# The problem:
Pictures stay out of the copy, which must hold exactly the lines from the one containing "جلد آخرین شماره" through the end of the material below.

# Data section:
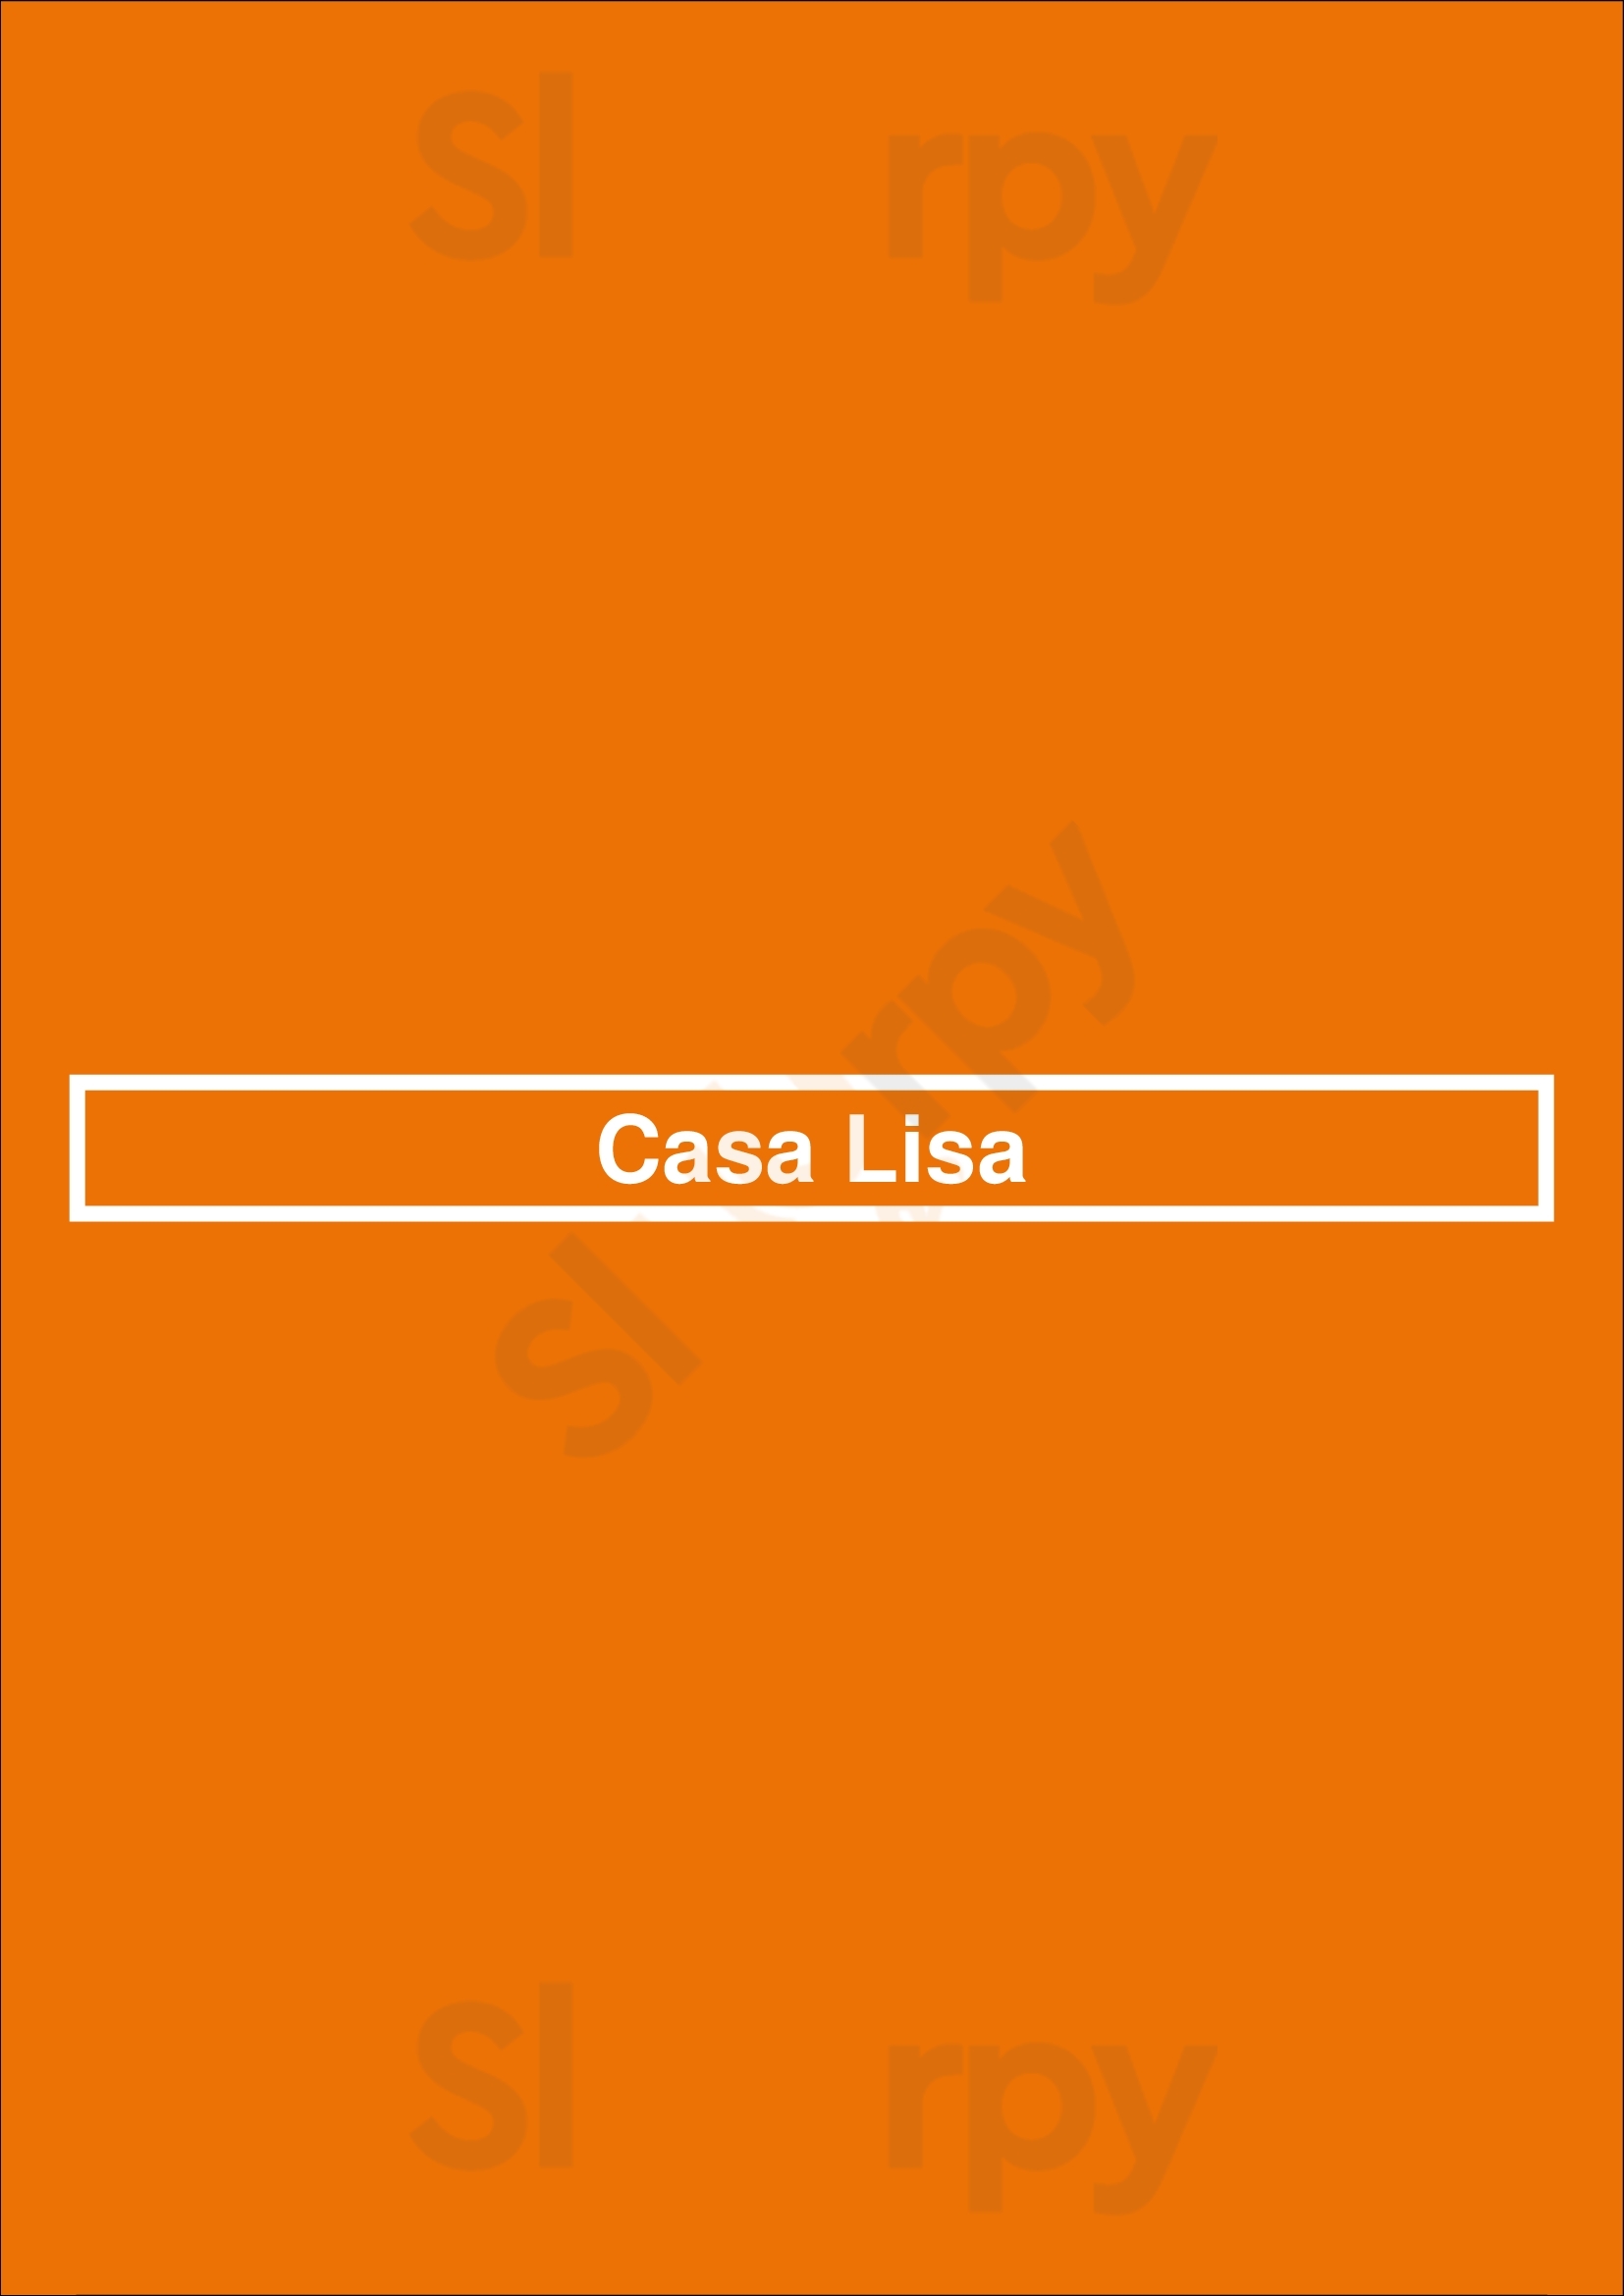 Casa Lisa Duivendrecht Menu - 1
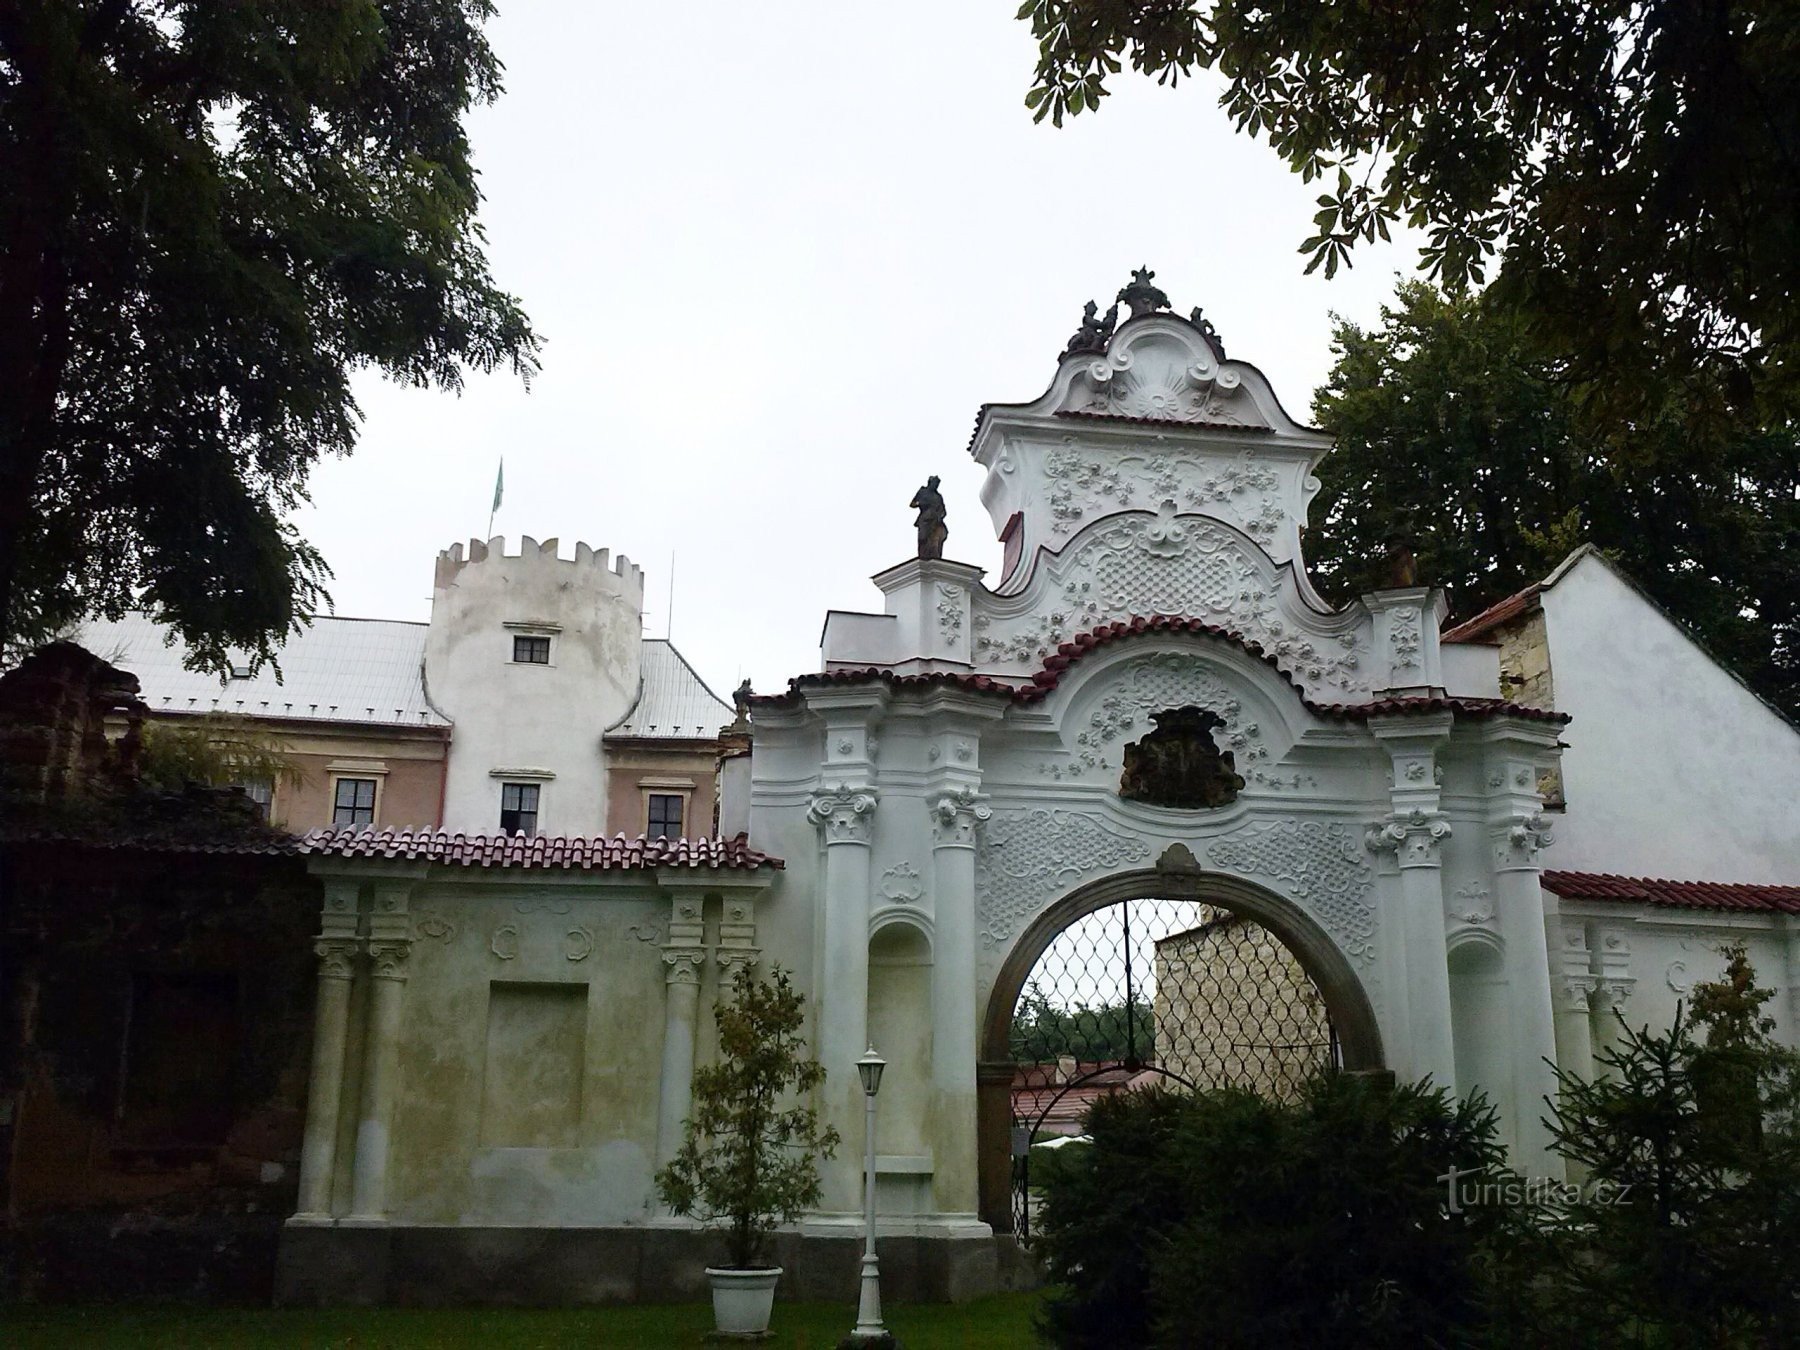 1. Puerta de entrada rococó del castillo.
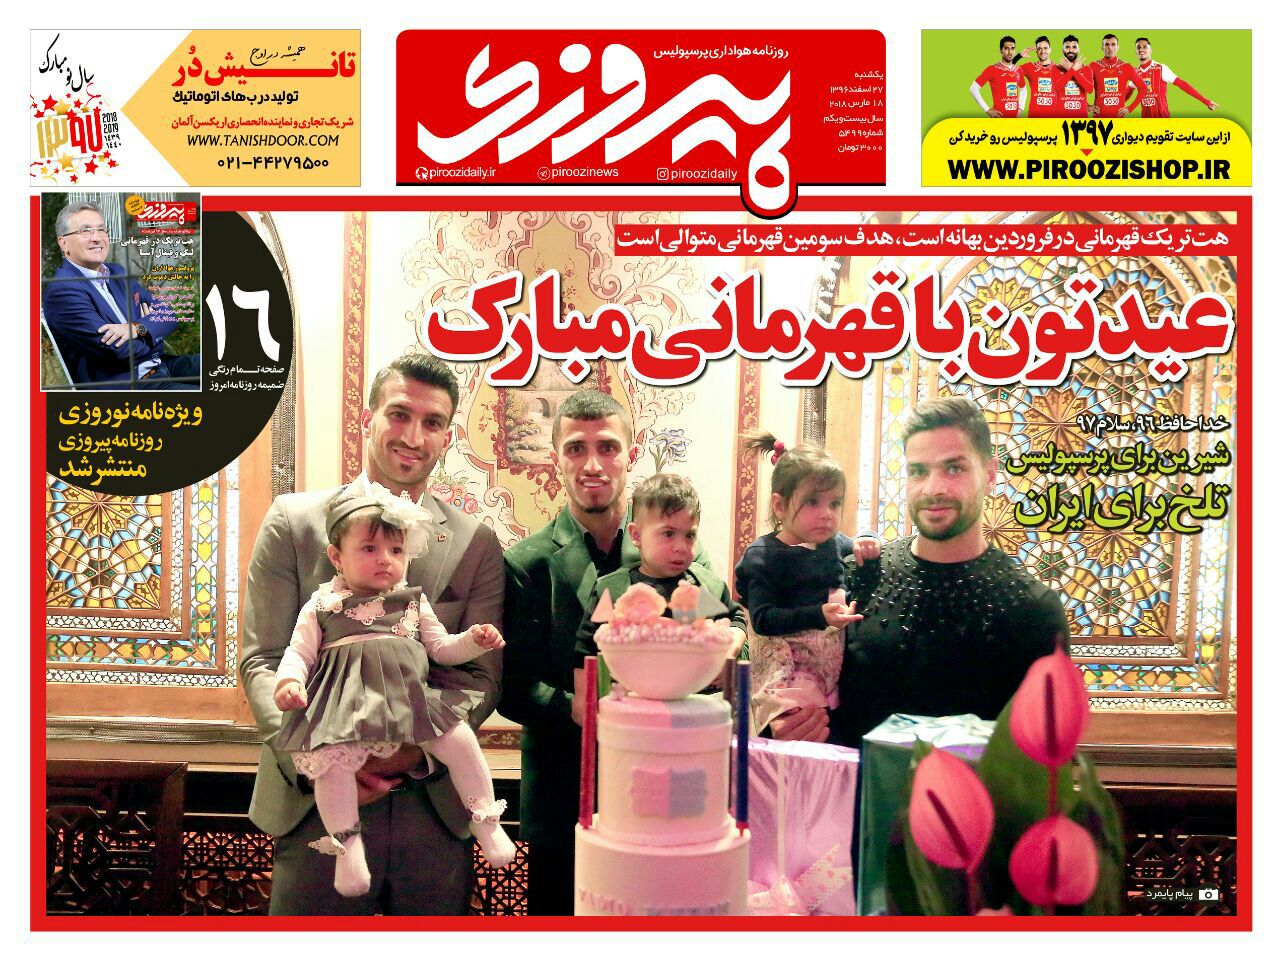 جلد آخرین شماره روزنامه پیروزی در سال  96_یکشنبه 26 اسفند
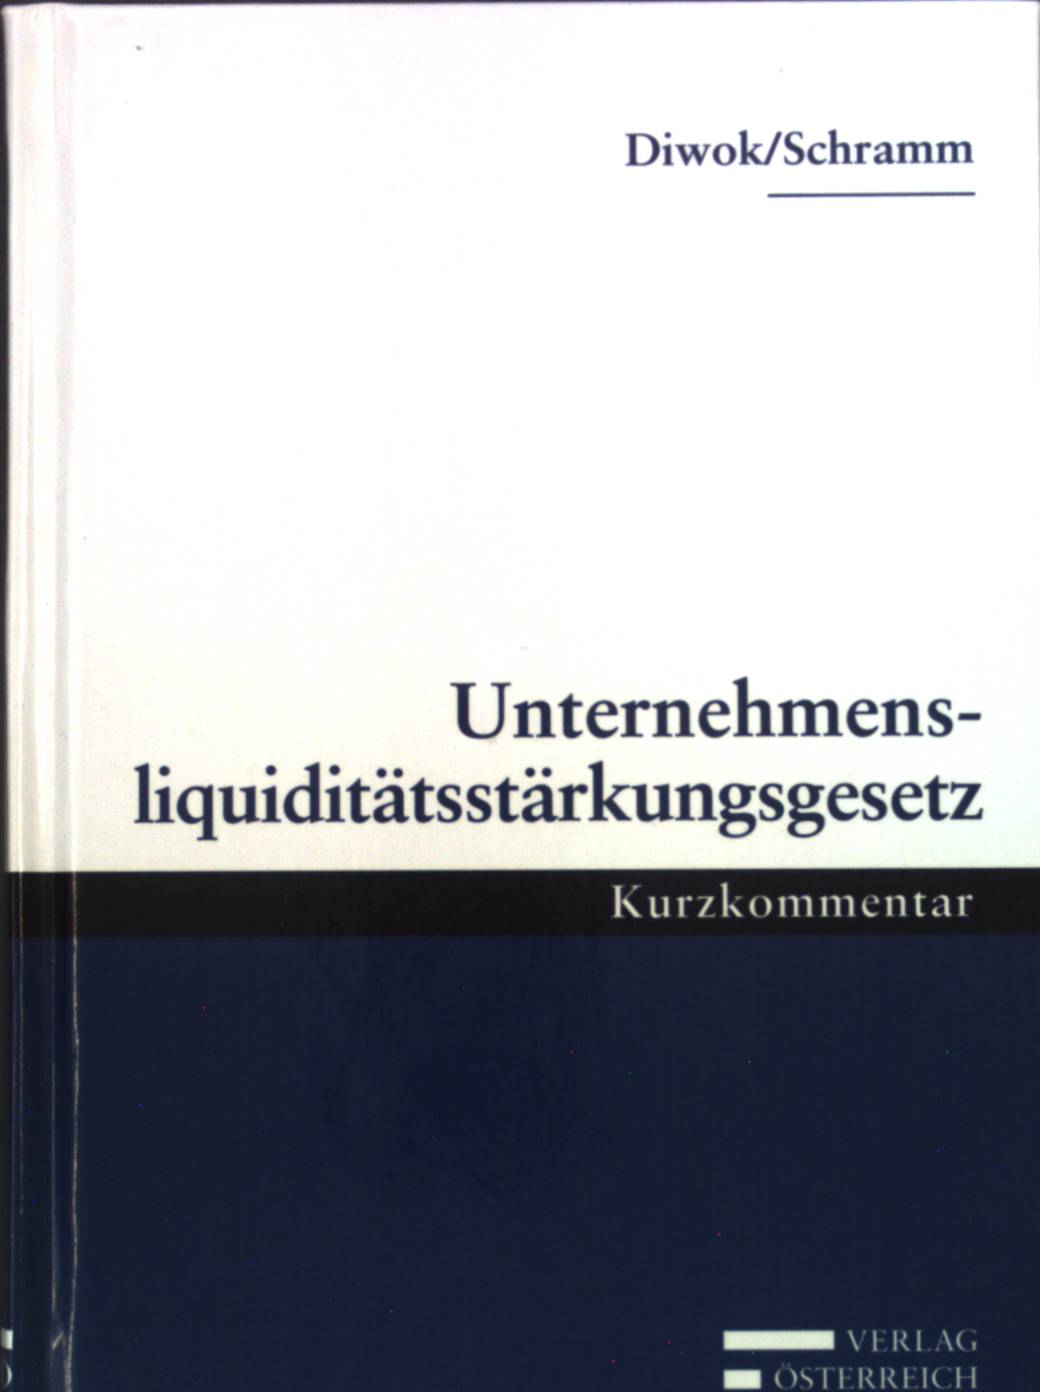 Unternehmensliquiditätsstärkungsgesetz (2010) : [Kurzkommentar]. - Diwok, Georg und Alfred Schramm

# Task result:
 جلد آخرین شماره روزنامه پیروزی در سال  96_یکشنبه 26 اسفند
 Unternehmensliquiditätsstärkungsgesetz (2010) : [Kurzkommentar]. - Diwok, Georg und Alfred Schramm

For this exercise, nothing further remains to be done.